Before I have a chance to ask Iyo why he moves his studio Jinpu, our car stops at an ordinary townhouse. An electric saw shrills abruptly the air. The noise makes me wonder if I interrupt Iyo’s work. He assures me it is fine for the huge cylindrical wood piece standing here is almost finished. Like The Internal Structure, it is collaged with long and thin wood clips to circle the internal structure of steel. The top of tube is open and a water-tap is installed underneath.
Iyo calls this piece kahicera’an, means gathering here. In the old times, his peoples called the place where collects drift woods or fishes ‘kahicera’an’. Iyo sees Shitiping Scenic Recreation, the future home for this art piece, rain-collecting tube, and all kinds of the wood clips on it as camphorwood, cypress, beechwood, Formosan michelia, Chinese elm, and red cedar are all kahicera’an.
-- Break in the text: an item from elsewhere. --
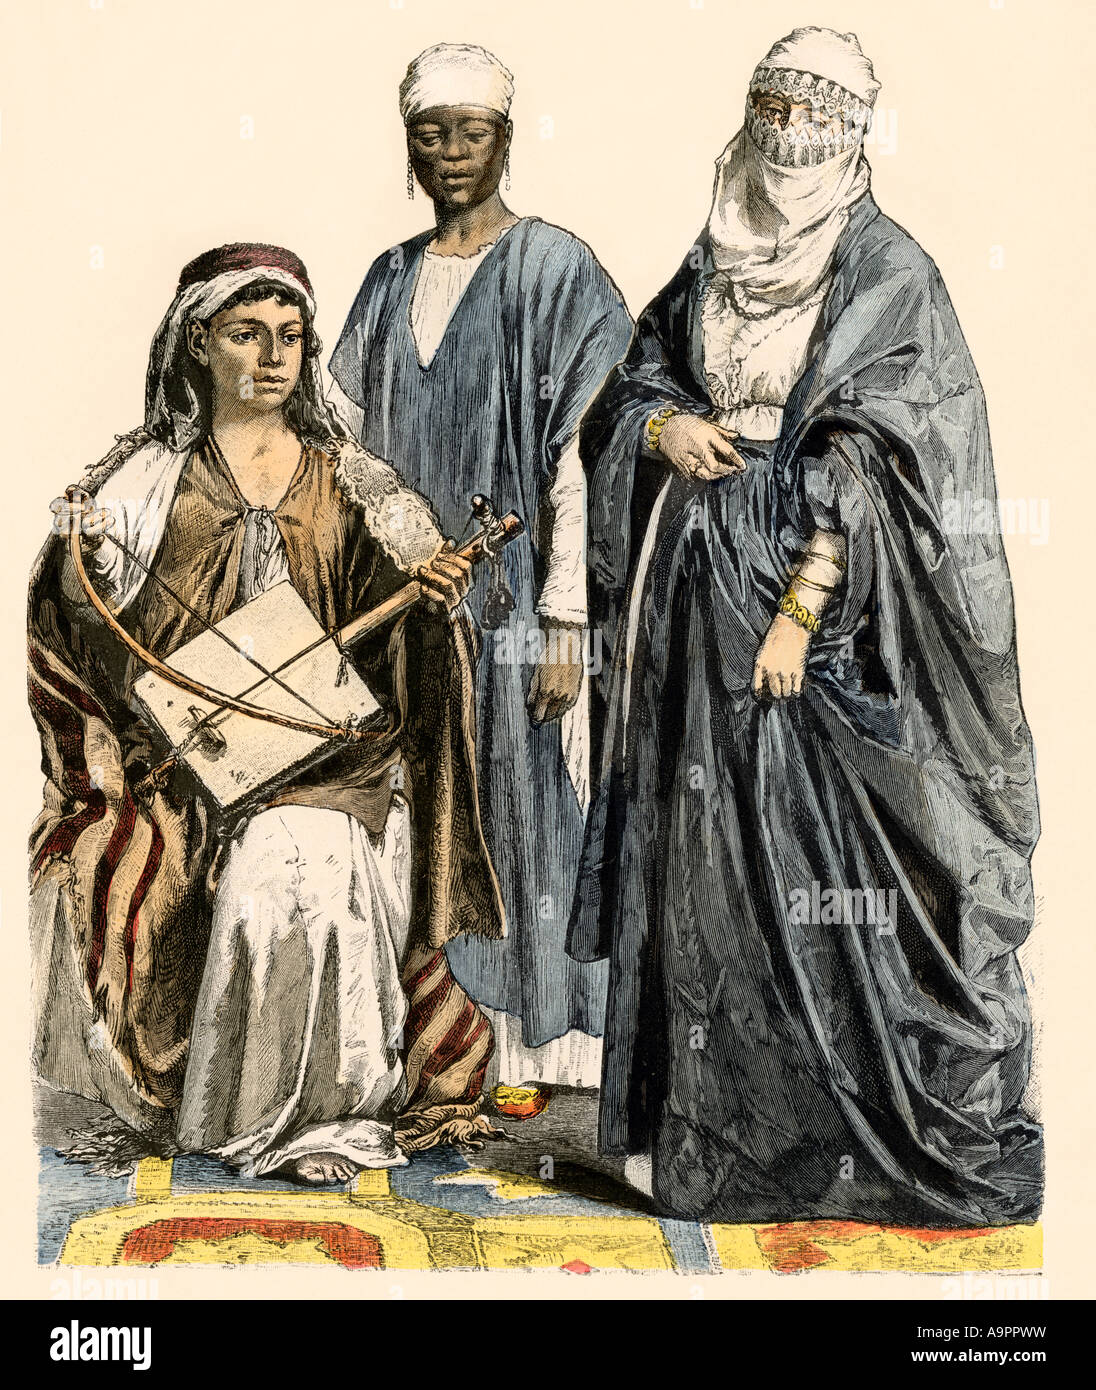 Bedouin Musiker, afrikanische Sklaven und eine muslimische Frau in der Straße kleid Kairo Ägypten 1800. Hand-farbig drucken Stockfoto

‘I will invite people to draw on wood clips, people from my village, children and friends, to draw their feelings towards land. I will collage these clips to my work afterwards. They will be like blessings.’ He gave me a piece of clip and asked:’ would you like to draw one?’ I declined and said I am bad at drawing. He replied with smile ‘That’s ok, me too.’ This is his first try to include his community people in his creation, another form of gathering to him.
Distance with the public is tricky as working in village. Iyo’s studio used to locate at Shitiping. Having a café opened the studio more to the public. ‘No matter how busy I was, there were tourists would just walk in and ask “what are you doing now?”’ People still do that now but it is much quieter after his studio relocating to Jinpu. Be that as it may, Iyo doesn’t really want to build an isolated space to work. He wants to intrigue the young’s curiosity as he was attracted to the displays of village artist’s studio when he was a teenager.